Revisiting the Box

I spent the last week with our 11th Grade AP Seminar students discussing their ideas, thoughts, concerns, and questions about AP Research. The entire time was a privilege and incredible opportunity. I posed the following question to them: I’ve taught 6th grade, 8th grade, 9th grade, 10th grade, and 12th grade at our network. I’m pretty convinced I understand what our 6th through 9th grade classes should look like. I have a vision for 10th grade. However, I’m not convinced I’ve seen what our 12th grade classes can become. I posed this challenge to the 11th graders: We get A LOT of visitors who come to see our schools. When a visitor walks in, I want the principal to say, without hesitating, go see AP Research in Room 304. That’s what we do.

With this sentiment in mind, I revisited this post from Doug Lemov. I looped with this class; 8th, 9th, 10th, and 12th grade. They graduated last week and I’ve been sappy ever since. Two students in the video were in my AP Research class this year – modern perceptions of pornography and impact of femicide on immigration rates from Mexico were their topics. I’m very proud of my work in this video. But given where these students are going to college I”m not convinced I increased the rigor at the appropriate level. I could have done more.

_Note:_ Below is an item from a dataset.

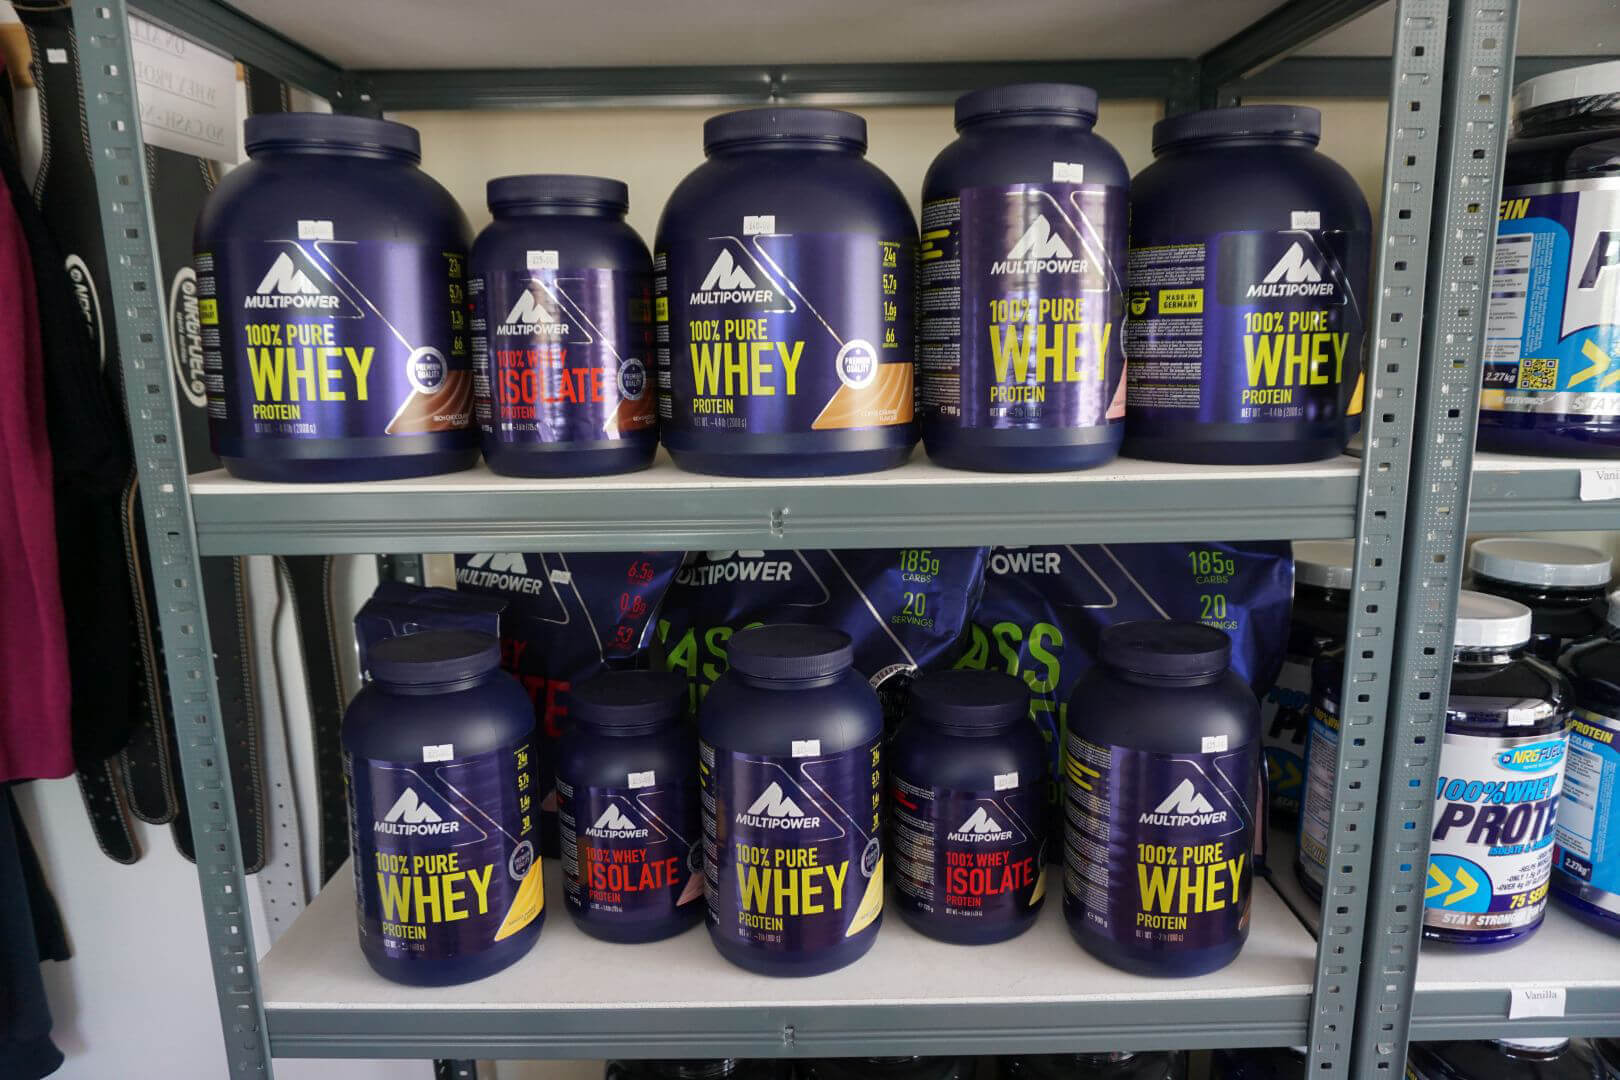 Fitta bodies gym whey protein multi power
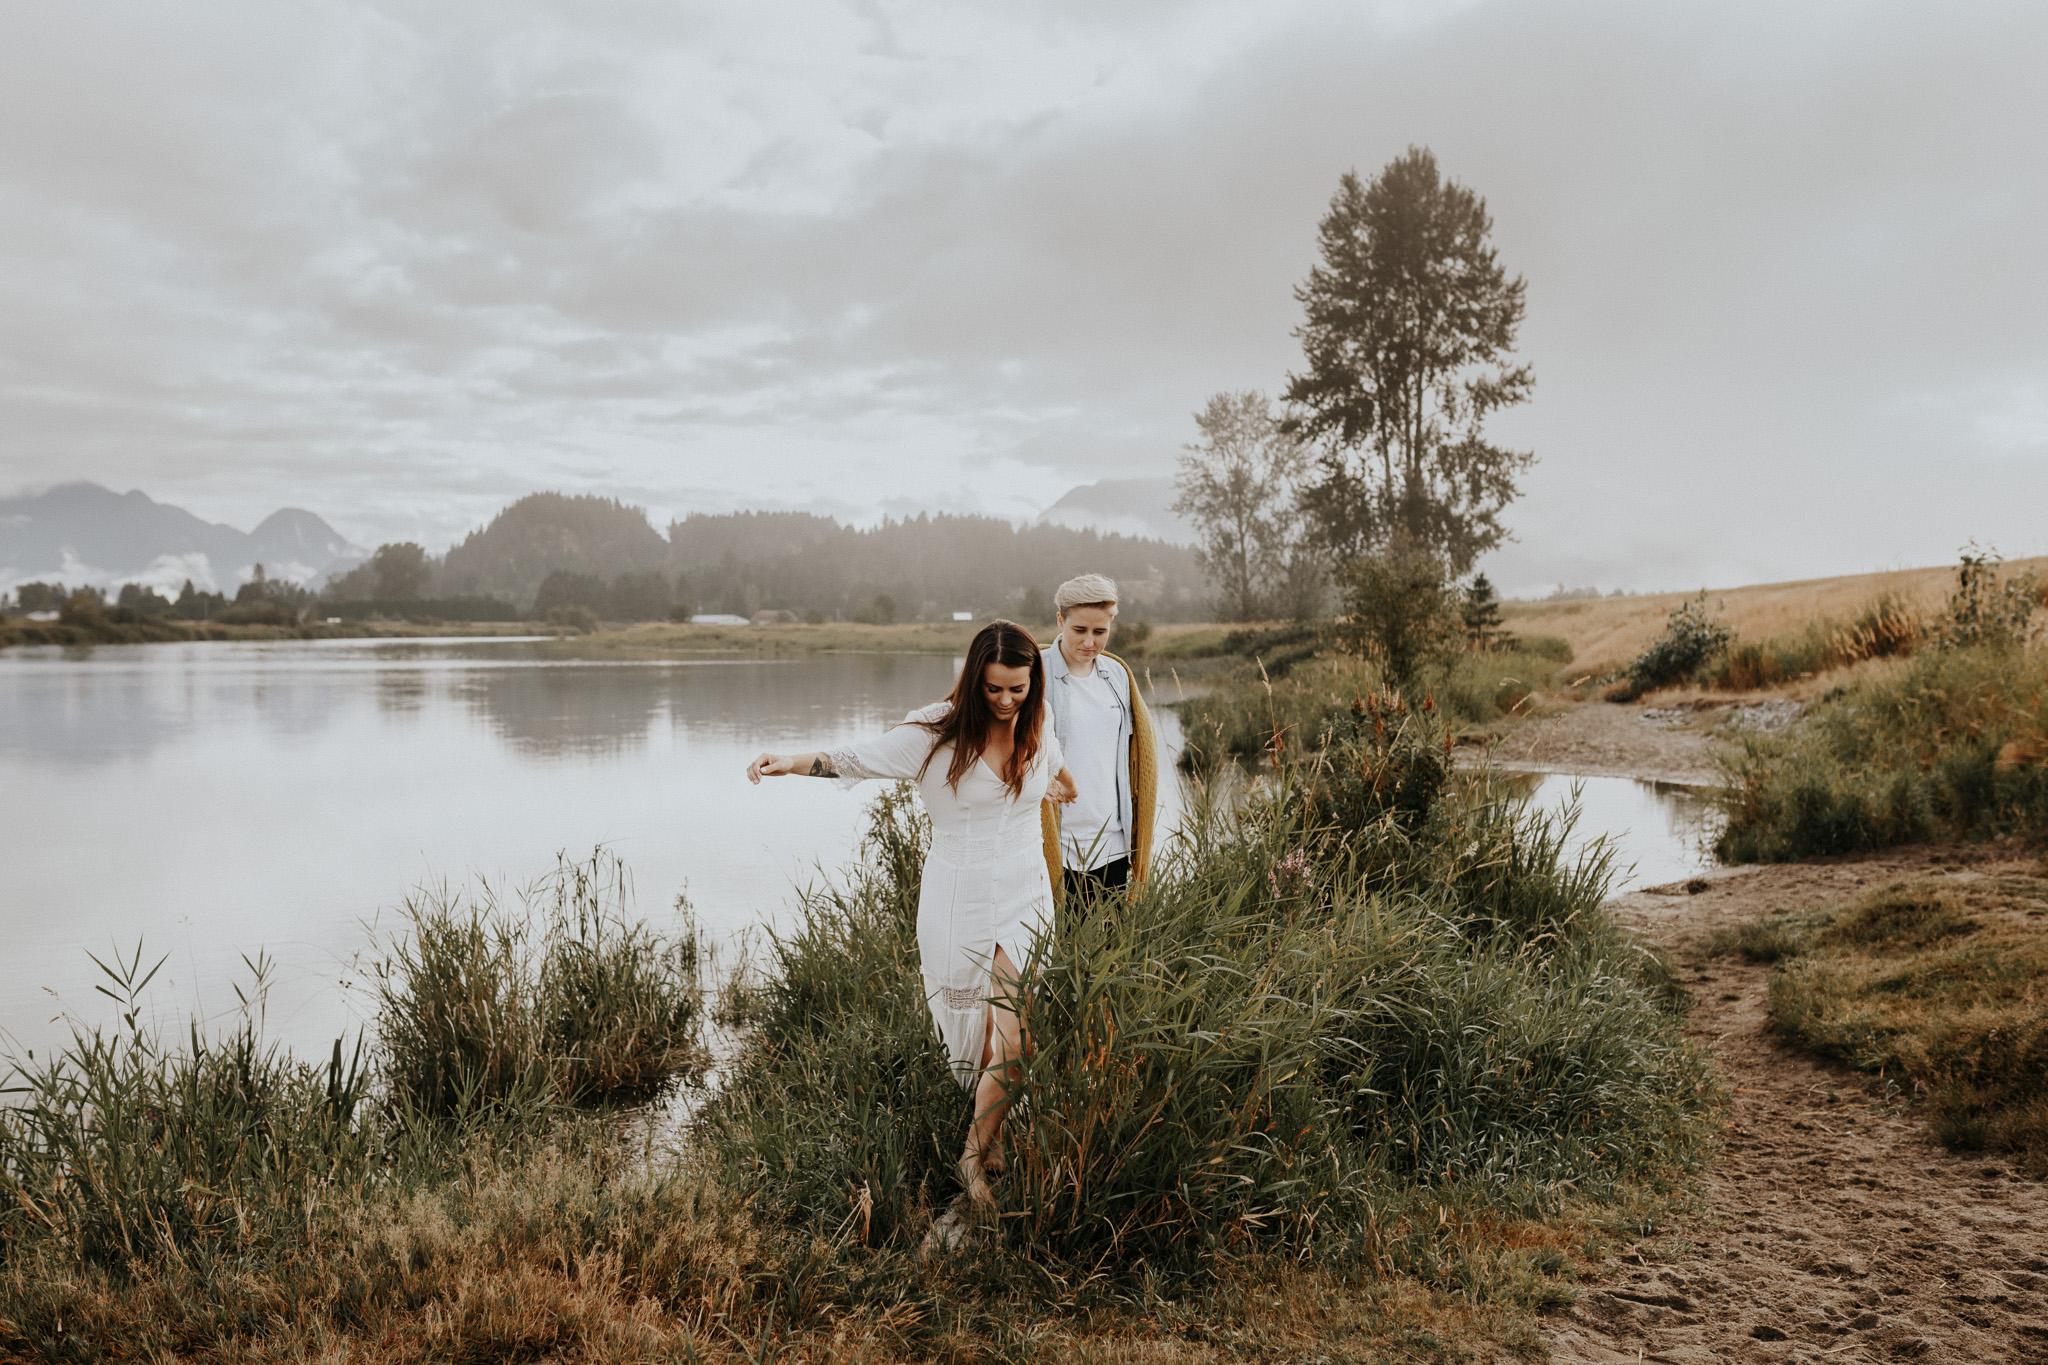 vancouver wedding photographer - lifestyle engagement session-18.jpg

With respect to the video, four years later, here’s where the students featured are going:

  • Syracuse University College of Engineering
  • College of the Saint Rose
  • Swathmore College
  • Franklin & Marshall
  • Columbia University
  • SUNY Old Westbury
  • CUNY John Jay College
  • University of Central Florida
  • Johns Hopkins
  • SUNY Polytechnic
  • Ursinus College
  • University of Michigan

There are 2-3 students who transferred out – one went to a specialized high school, one moved away, and I’m not sure about the third. One student in this class, not present in the video, ended up at a private school through Prep 4 Prep. As I drafted this I saw via the Internets that she is going to Yale.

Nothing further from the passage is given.